Local efforts mattered
Civil rights veterans attribute their successes to people such as the grandmothers who held chicken-dinner fundraisers to help send participants to the 1963 March on Washington. Many local churches housed civil rights workers and hosted mass meetings.
Some locals opened their homes to civil rights activists. Others washed and ironed clothes for protesters and chipped in gas money so they could get to the demonstrations.
Historians say projects such as "Freedom Summer" in 1964 couldn't have happened without help from locals in Mississippi.
"If you commemorate the summer, you also commemorate those people who were there before the summer and those people who were there after the summer," said Clayborne Carson, director of the Martin Luther King Jr.
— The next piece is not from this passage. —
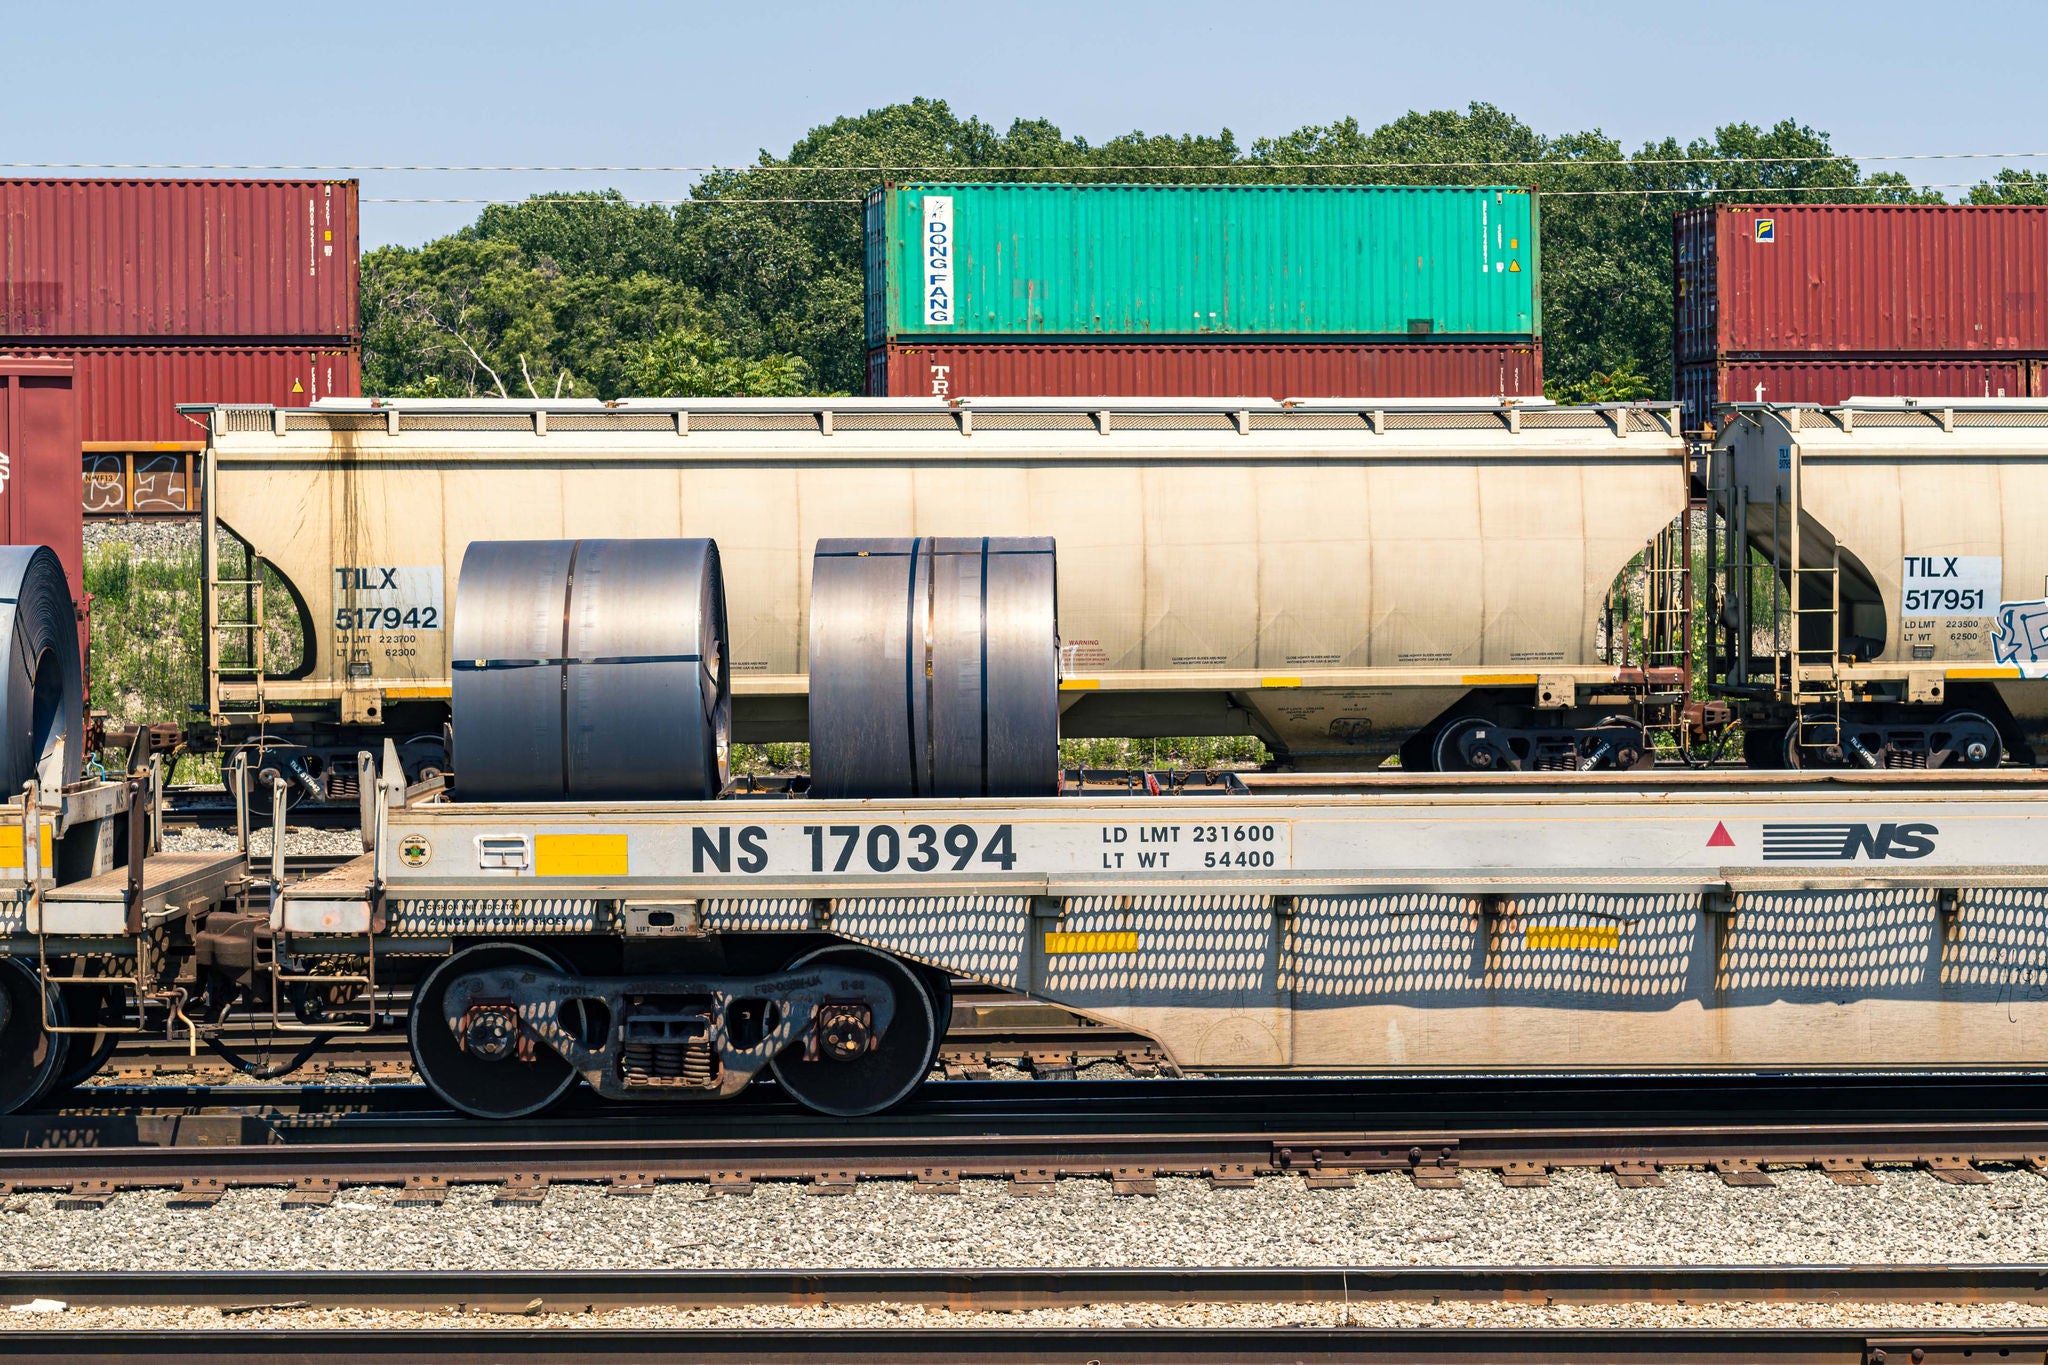 Norfolk Southern railyard with many intermodal containers awaiting rail shipping

Research and Education Institute at Stanford University.
The decisive battles of the civil rights movement came in such places as Birmingham, Ala., in 1963 and cities and small towns in Mississippi in 1964, Carson said. Freedom Summer, he said, drew national attention to the "entrenched" segregation in Mississippi, which had more lynchings than any other state. The project was key to passage of the Voting Rights Act. "It set the stage for it," Carson said.
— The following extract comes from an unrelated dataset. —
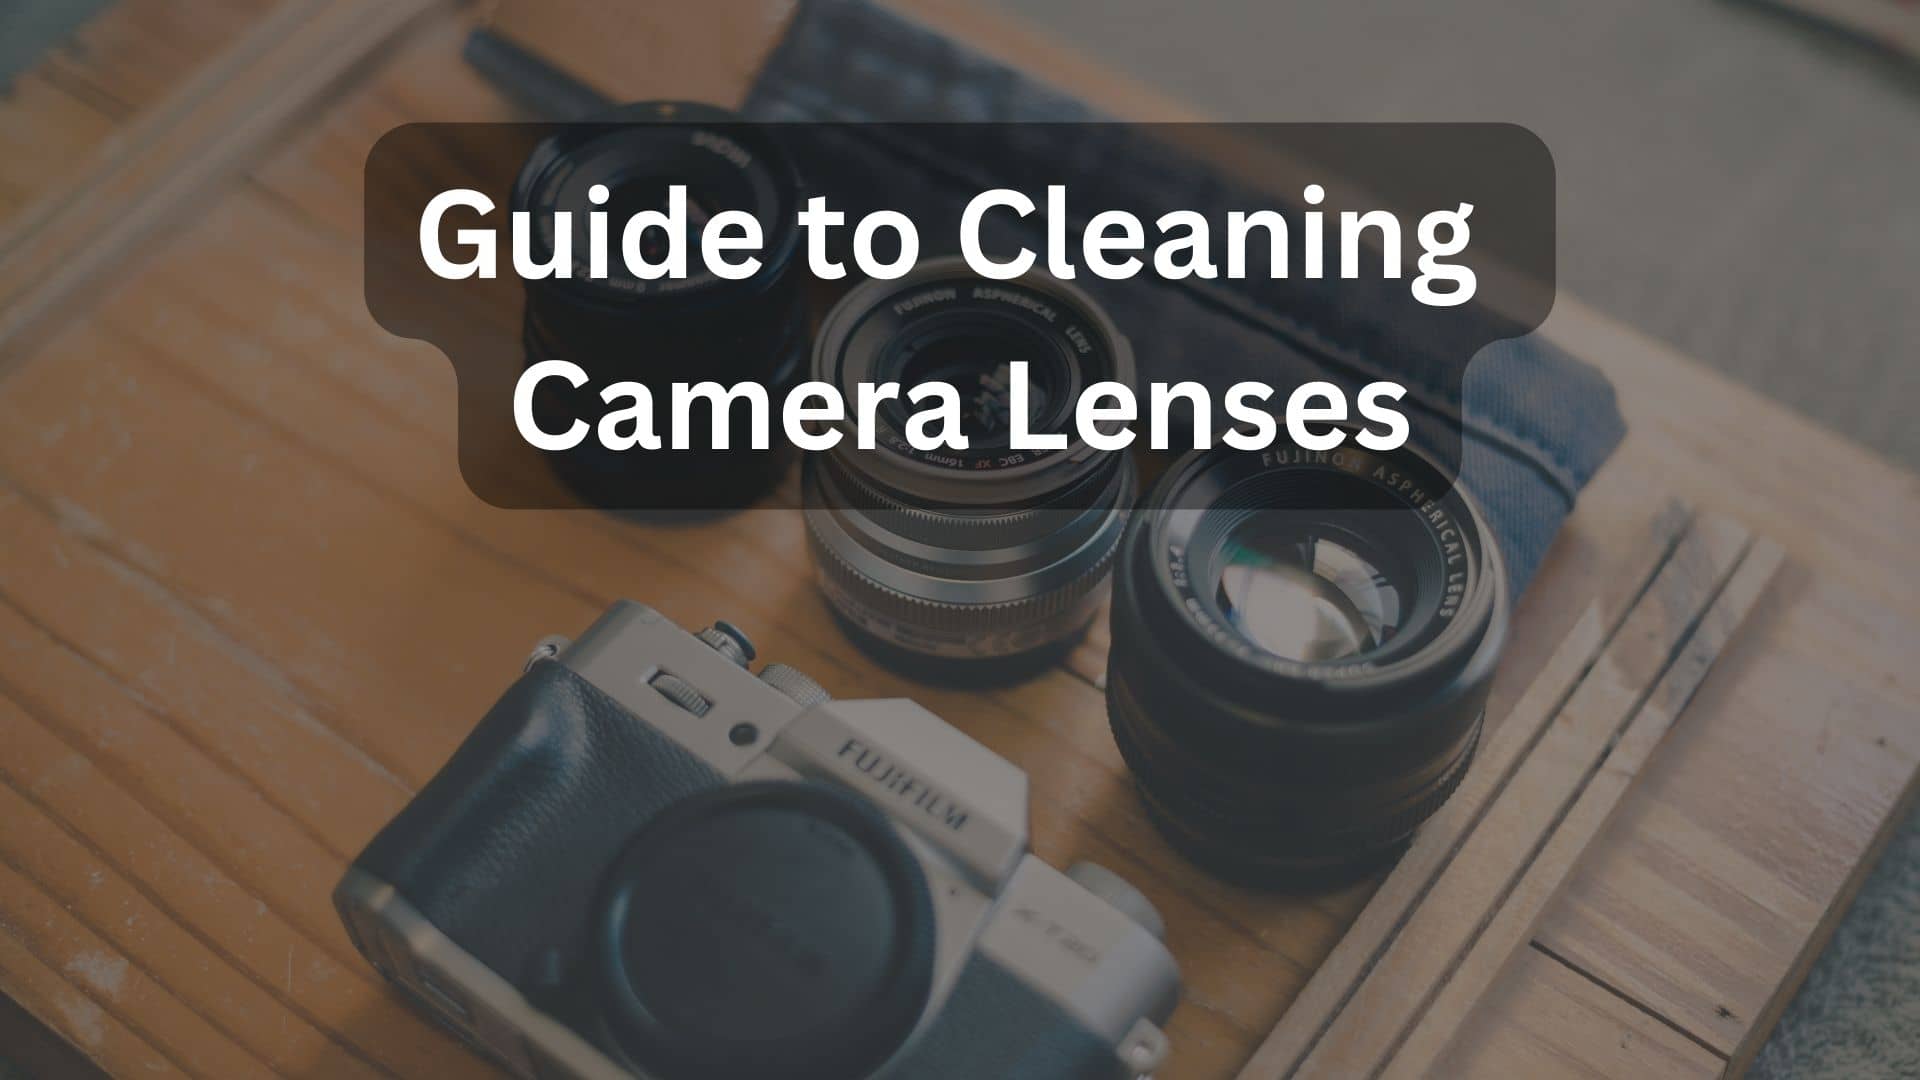 The Ultimate Guide to Cleaning Camera Lenses

Groups such as the Student Nonviolent Coordinating Committee, made up mostly of students from historically black colleges, relied on Mississippi and Alabama residents to spearhead voter registration efforts.
"SNCC's work was organization. We lived in the community," said Courtland Cox, chairman of the SNCC Legacy Project. "What we did was work with the people to make sure that they were stronger people, which made a big difference.''
SNCC at the grass roots
SNCC, like other civil rights groups, focused on "breaking the political stranglehold that existed'' in the Deep South, Cox said. "We didn't create big stages,'' Cox said. "Our thing was in the local communities, working one on one with those communities, and that's not where the press and the glamour (were).''
It was local black businesses owners in places like McComb, Miss., in the early 1960s, who helped activists navigate unfamiliar territory and gain the trust of locals, recalled Reggie Robinson, then a 19-year-old field secretary for SNCC.
"They would feed us. They used to give us gas. ‚?¶They would support what we were doing,'' said Robinson, who lives in Washington, D.C. "There were some who wouldn't because they were afraid to, but in a lot of these places they would be the support.''
Robinson recalled Web Owens, a retired Pullman porter, begging businesses to feed and house activists. Owens and others would also get owners to chip in money to get activists out of jail.
He remembers George Heads, who ran a taxi business, driving workers around to register blacks to vote. One late night, he took Robinson, Marion Barry, SNCC's first chairman, and John Doar, a Justice Department official, to get an affidavit from a man who had been denied the right to vote.
Despite the economic risks, Heads and others would serve as liaisons, Robinson said.
Local activists had been working across the state trying to register blacks to vote, but they mapped out a plan to bring their work to the attention of the entire country.
"We knew if people from the outside came in, then the whole nation would get a glimpse of Mississippi," recalled Ladner, who now lives in Washington, D.C.
"Mississippi has never been the same since. ‚?¶ The curtain was pulled back. Laws began to change," Ladner said.
Civil rights activists did turn to outsiders, namely white college students from the North, to draw national attention to their efforts during Freedom Summer. Many of those students stayed in the homes of black families and slept in pews at black churches.
"That was basically our first contact with white Americans," recalled Glenda Funchess, 59, a regional managing attorney for the Mississippi Center for Legal Services in Hattiesburg.
Three years after Freedom Summer, Funchess, at the NAACP's urging, attended a white middle school.
"I went on a mission," Funchess said.
For a year, the 13-year-old ate lunch by herself. She says she still gets apology letters from white students who treated her badly during that period.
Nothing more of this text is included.